A multifaceted writer, Sheldon won a screenwriting Oscar and a Tony award and had created popular television sitcoms before starting his first novel at the age of 52. But it was through the novels that he gained his overriding fame.

His books usually revolved around characters of great wealth, beauty, brilliance and bedroom prowess -- none of which protected them from infidelity, betrayal and indiscretion. Sheldon's protagonists were usually women and his plots were so artfully constructed that his books are the very definition of a page-turner.

He was one of the world's most translated authors, selling more than 300 million books in 180 countries. They were printed in 51 languages, including Urdu, which is spoken in Pakistan and India, and Swahili.

For The Record
Los Angeles Times Thursday February 01, 2007 Home Edition Main News Part A Page 2 National Desk 0 inches; 30 words Type of Material: Correction
Sheldon obituary: In some editions of Wednesday's California section, the obituary for novelist Sidney Sheldon said his daughter, Mary, was from his first marriage. She was from his second marriage.

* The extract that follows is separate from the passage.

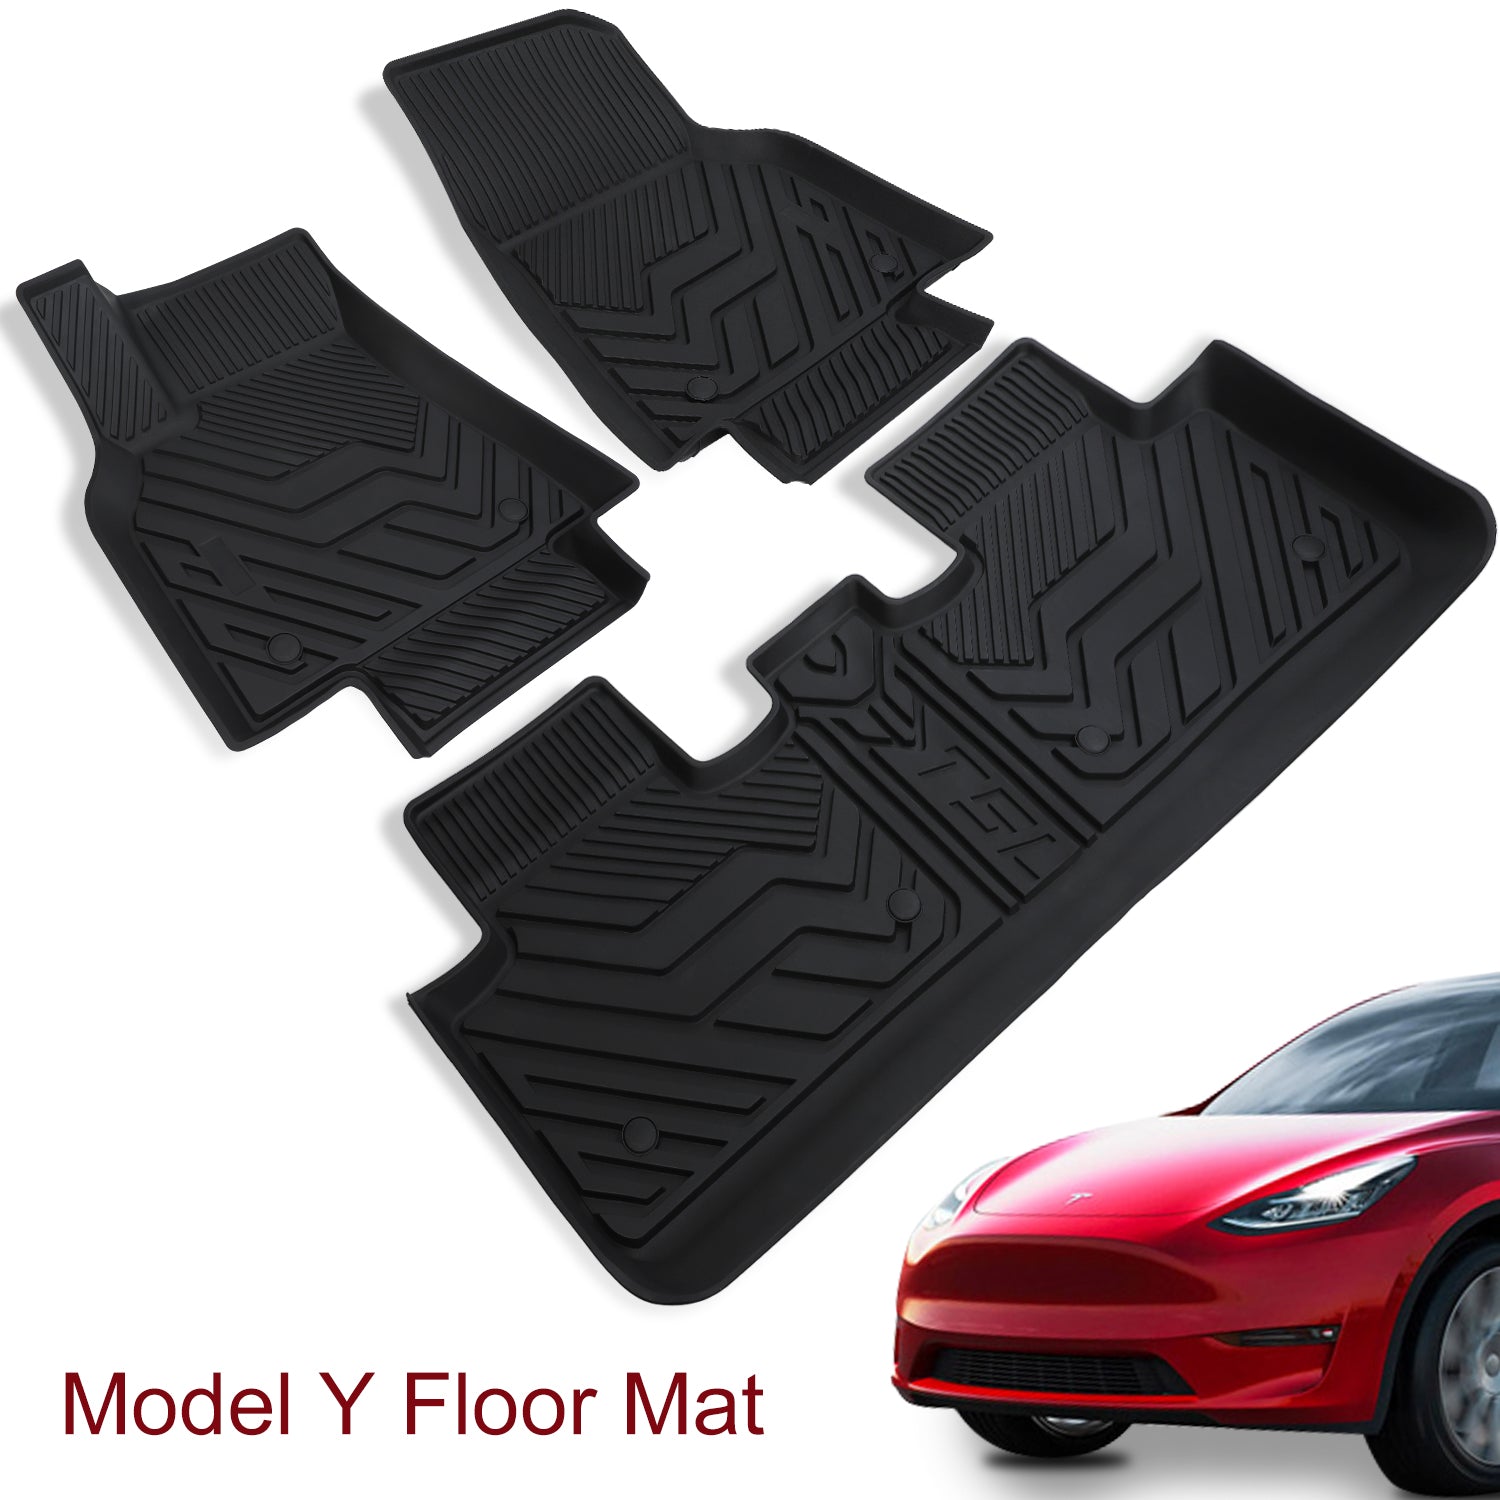 EVANNEX All-Weather Floor Mats for Tesla Model Y
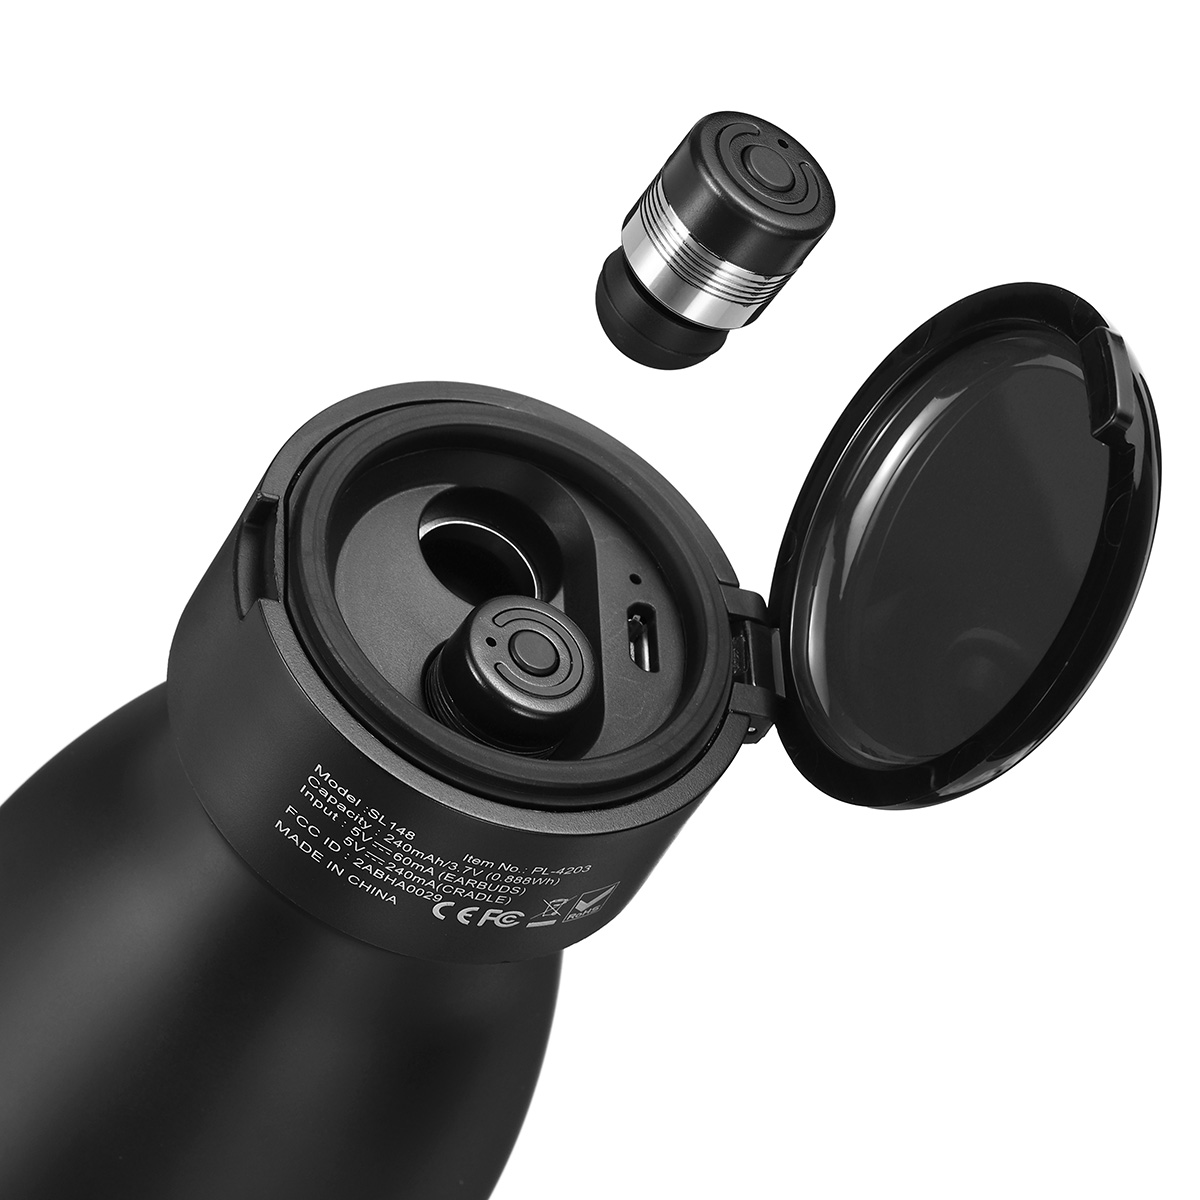 2 em 1 Bluetooth 5.0 580 ml garrafa de água TWS fone de ouvido à prova d 'água verdadeiro fone de ouvido estéreo sem fio com microfone

With his second novel, "The Other Side of Midnight" (1974), Sheldon broke into the blockbuster ranks; the book remained on the New York Times bestseller list for 53 weeks -- a record at the time.

About half of his 18 novels -- with such titles as "Rage of Angels" (1980) and "Memories of Midnight" (1990) -- were turned into television movies or miniseries. Demand for his stories was so great that CBS executives reportedly paid Sheldon $1 million for the rights to make a miniseries of 1985's "If Tomorrow Comes" before they had even read it.

Some critics said his dialogue was banal and his plots were unbelievable, but many grudgingly acknowledged the author's unusual talent at producing what the Washington Post once called "good junk reading time after time."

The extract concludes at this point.